The present results are in significant contrast to the values reported in the literature, particularly in Ref 16, 17, 24, and 26. Of these, Glagoleva and Zhdanov annealed their samples at 800 °C but let them slowly cool down to room temperature instead of quenching; thus, their lattice parameters correspond obviously to some lower temperature. The results can be best compared to data by Ross and Hume-Rothery who determined the homogeneity range of BiRh at 780 °C as 48.0-50.6 at.% Rh; this is in reasonable agreement with the present phase boundary on the Bi-rich side at 750 °C, i.e., 46.9 at.% Rh, deduced from lattice parameter investigations. Extrapolating the lattice parameter a of a sample with 46.5 at.% Rh (annealed at different temperatures) to the plotted regression line (Fig. 7) indicates a pronounced retrograde solubility of BiRh, resulting in a phase boundary of about 48 at.% Rh at 900 and about 50.5 at.% Rh at 565 °C. On the Rh-rich side, the lattice parameter measurements give a phase boundary of 53.5 at.% Rh at 750 °C which points to a much wider homogeneity range of BiMn than reported in Ref 9
The Phase BiRh0.81
SEM–EDX investigations of a sample with 50 at.% Rh, annealed for 21 days at 438 °C, showed, besides the known phases BiRh and Bi2Rh, also a phase with a composition of Bi55Rh45 (54.9 at.% Bi and 45.1 at.% Rh). High temperature XRD measurements of the same sample (Table 5 and Fig. 8) showed that the reflexes of this phase disappear between 475 and 500 °C.
Indexing of the unknown diffraction lines and subsequent refinement of the powder XRD pattern of a sample with the composition Bi55Rh45, annealed for 27 days at 440 °C (Table 3), indicates that the new phase is orthorhombic (Pnma) with the lattice parameters a = 6.1753(9) Å, b = 3.7817(1) Å, c = 6.5506(1) Å. Refinement was successful using the structural model for the MnP-type structure, which is closely related to the NiAs type of BiRh. The refined occupancy factor for Rh is 0.81(3), in excellent agreement with the phase composition of Bi55.3Rh44.7 determined by SEM–EDX. Therefore, this new phase was designated BiRh0.81. The refined atomic coordinates and structural parameters are given in Table 6 and Fig. 9 displays a 2θ segment of the powder XRD pattern between 26° and 80°. Detailed structural information was deposited with Fachinformationszentrum Karlsruhe
Footnote 1 and can be obtained on quoting the depository number CSD 433459.

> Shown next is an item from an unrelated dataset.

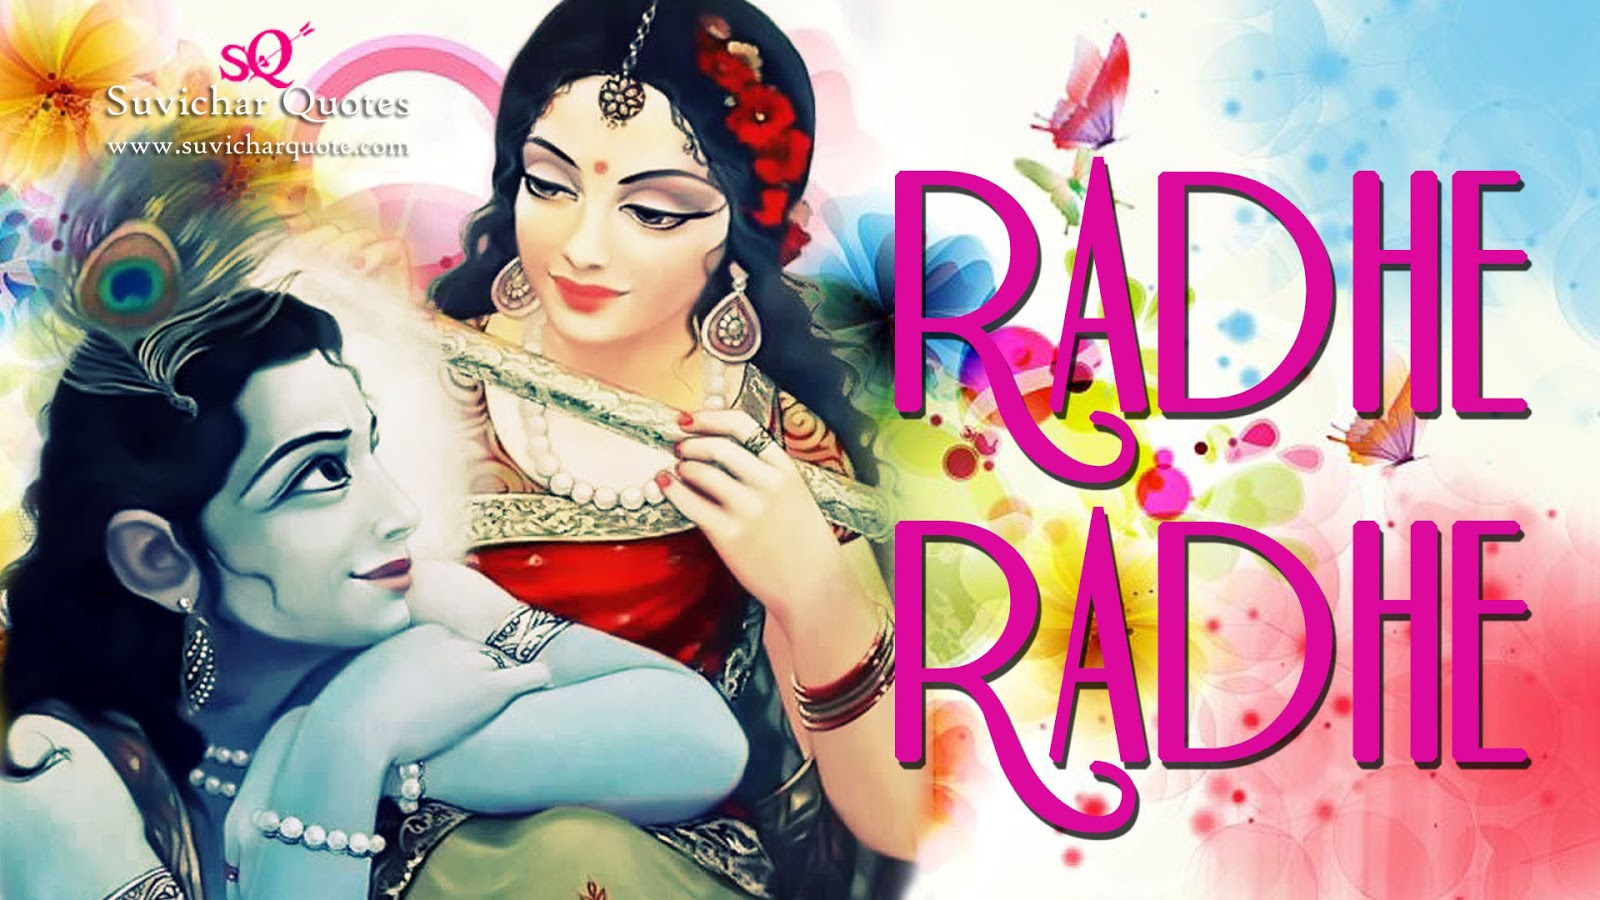 Aashima Arora Blogs Radhe Radhe Suprabhat Hindi Message Thoughts

DTA measurements did not show any detectable signal between 475 and 500 °C; thus, it is currently not possible to give a more exact value of the temperature of the peritectoid reaction (β-Bi2Rh + BiRh \(\rightleftharpoons\) BiRh0.81) which is shown tentatively at 480 °C (Fig. 1). The reason for this might be a very small enthalpy effect due to the similar crystal structures of BiRh0.81 and BiRh in combination with a very slow kinetics (see below). A consequence of the presence of the BiRh0.81 phase is that the α \(\rightleftharpoons\) β transition temperature shifts on the Rh-rich side from 448 ± 2 °C to a somewhat lower temperature. Annealing experiments with samples containing 45 at.% Rh (see Table 3) show that it must be around 440 ± 5 °C. Unfortunately, it is not possible to provide a more precise value of the transition temperature, as no DTA signal could be found in this temperature range.
The detection of BiRh, β-Bi2Rh and of traces of α-Bi2Rh in powder XRD and EDX measurements (Fig. 4d and Table 3) showed, that the annealing conditions (440 °C, 27 days) were not sufficient to produce BiRh0.81 as a single phase. Together with the fact that more than 2 weeks were necessary to form this compound, it indicates a very slow diffusion and/or formation kinetics. As noted above, the MnP-type (BiRh0.81) and NiAs-type (BiRh) structures are closely related and a transformation between them could even be of second order (see, e.g. Kjekshus and Pearson or Franzen et al.). In the current case, however, the orthorhombic lattice parameters deviate considerably from those derived from the hexagonal parameters by cell transformation, pointing rather to a first-order transformation. This considerable distortion is probably due to the reduced occupation at the Rh site in BiRh0.81.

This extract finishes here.